Assessment: The inadequate corrective action(s) for PER 02-014475-000 had a credible impact on safety in that the licensee failed to detect and/or vent a significant accumulation of gas which could impact the function of SI system to mitigate the consequences of a design basis accident. While this finding can be reasonably viewed as a precursor to an event, completion of a risk evaluation will occur upon the licensees evaluation.

Enforcement: 10 CFR, Part 50, Appendix B, criterion XVI, Correction Action, states in part that measures shall be established to assure that conditions adverse to quality are promptly identified and corrected. In the case of significant conditions adverse to quality, the measures shall assure that the cause of the condition is determined and corrective action taken to preclude repetition. Contrary to this on August 28, 2003, the licensee failed to identify and implement adequate corrective actions for PER 02-014475-000 which subsequently resulted in a significant amount of gas in the RHR discharge to the SIP suction piping following maintenance on the 1B SIP. This issue is in the licensee's corrective action program as PER 03-014922-000. This finding is considered an unresolved item while awaiting a final risk evaluation and is identified as URI 50-390/03-04-04, Inadequate Corrective Action to Control ECCS Venting.

4OA3 Event Followup

.1 Reactor Trip on August 25, 2003 a. Inspection Scope The inspectors reviewed the licensees event critique and PER 03-014782-000, which documented this event in the CAP, to verify that the cause of the reactor trip event of August 25, 2003, was identified and that corrective actions were reasonable. The reactor trip was caused by inadvertent operation of the sudden pressure relays for main

transformer bank 1C and subsequent turbine trip. The inspectors reviewed plant parameters and verified that timely notifications were made in accordance with 10 CFR 50.72, that licensee staff properly implemented the appropriate plant procedures, and that plant equipment performed as required. Actuation of the sudden pressure relays occurred when a transmission power services technician inadvertently bumped the cabinet containing the relays. Subsequent investigation determined that the hydraulic hoses connecting the pressure sensors to the relays were sensitive to movement.

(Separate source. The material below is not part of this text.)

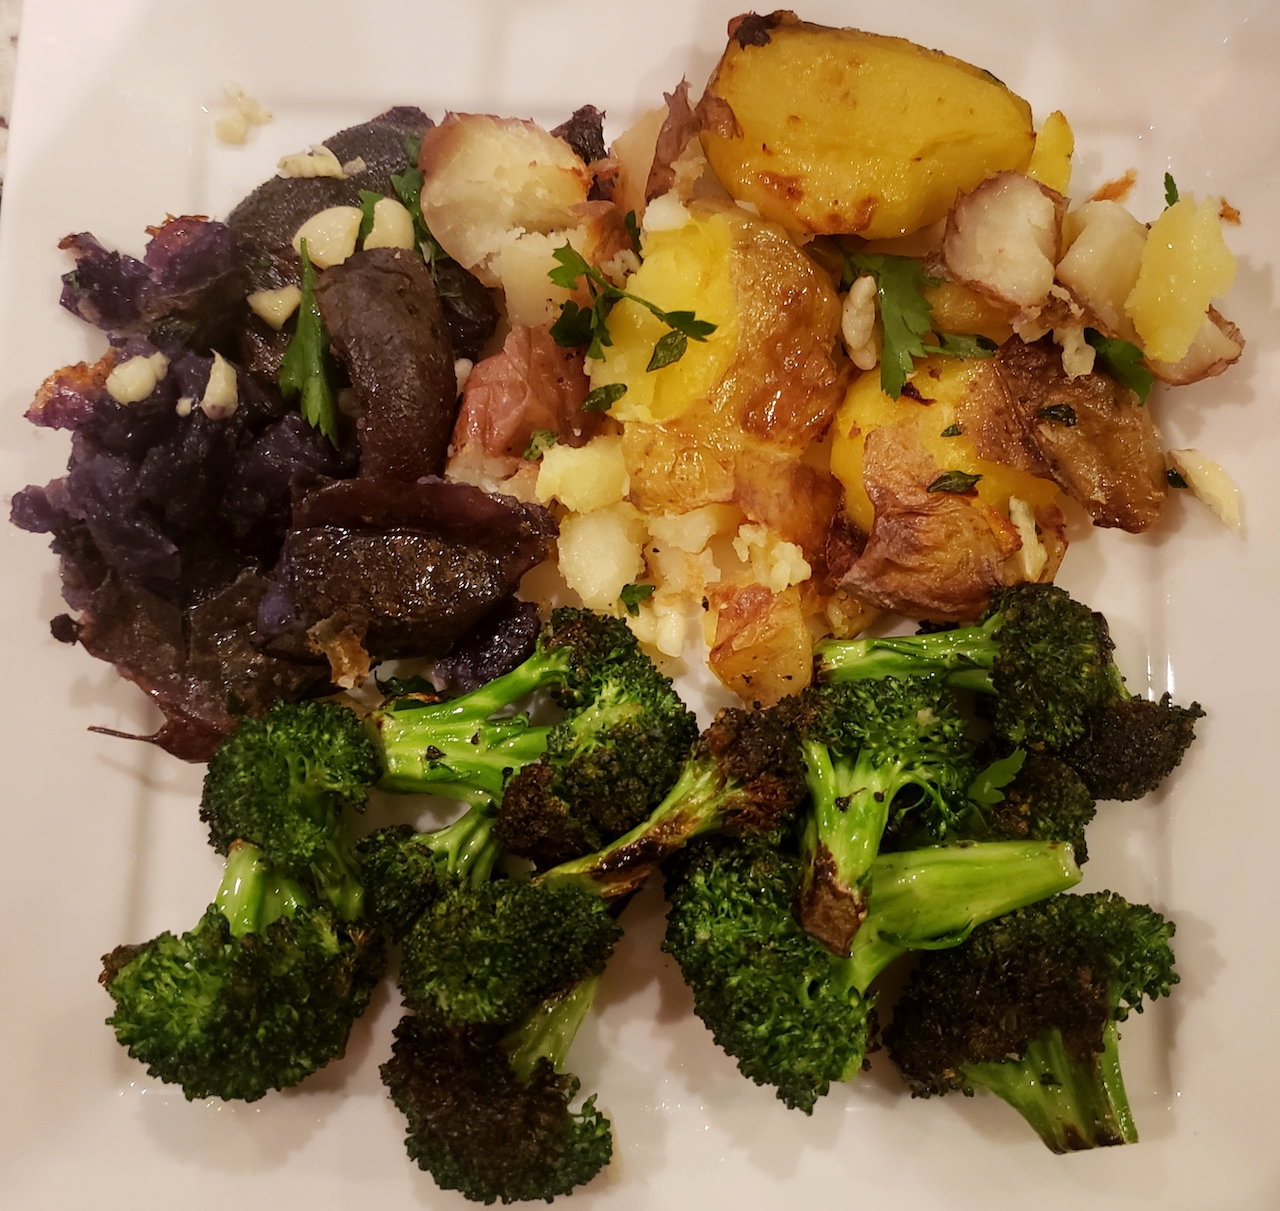 Crispy smashed potatoes with broccoli
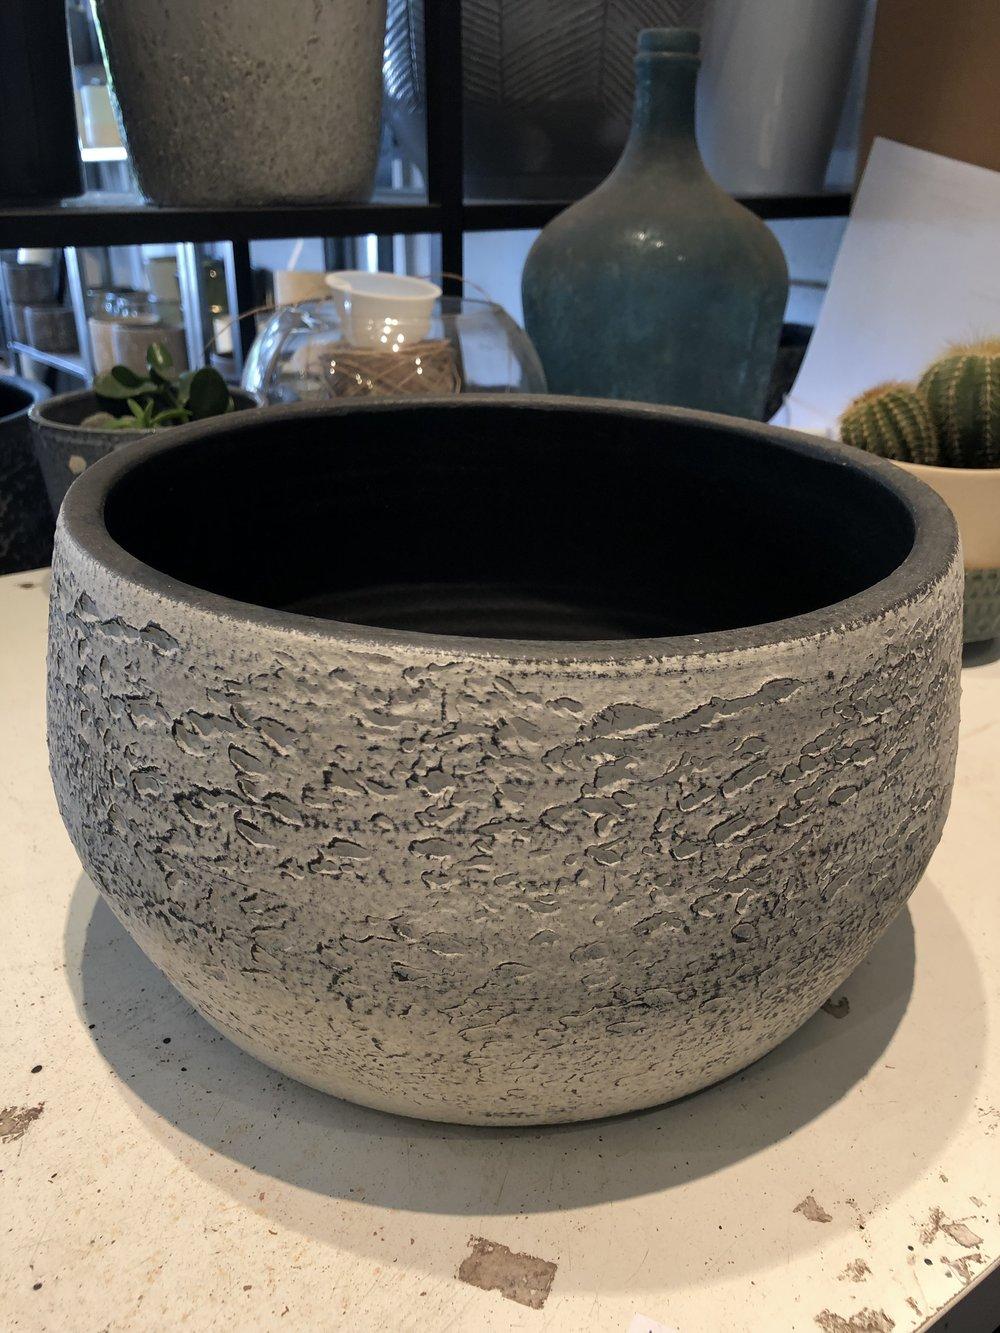 Cactus Bowl, Shallow bowl, glass bowl terrarium

b. Findings No findings of significance were identified.

.2 (Closed) LER 50-390/2003-002, Inoperable Channel of Reactor Protection System for Greater Than TS Allowable Outage Time The inspectors reviewed the LER to determine if the cause of this event was identified and that corrective actions were reasonable. The inspectors also reviewed the event using IP 71153, Event Followup. A licensee-identified Green NCV was previously documented for this problem in NRC Integrated Inspection Report 05000390/2003003 and 05000391/2003003.

4OA5 Other Activities

.1 NRC Temporary Instruction (TI) 2515/150, Reactor Pressure Vessel Head and Vessel Head Penetration Nozzles (NRC Bulletin 2002-02)

a. Inspection Scope (TI 2515/150 and Order 03-009)

The inspectors observed activities relative to inspection of the Unit 1 reactor pressure vessel (RPV) head penetrations in response to NRC Bulletin 2002-02 and Order 03-009.

The guidelines and criteria for the inspection were provided in NRC temporary inspection (TI) procedure TI 2515/150, Reactor Pressure Vessel Head and Vessel Head Penetration Nozzles (NRC Bulletin 2002-02).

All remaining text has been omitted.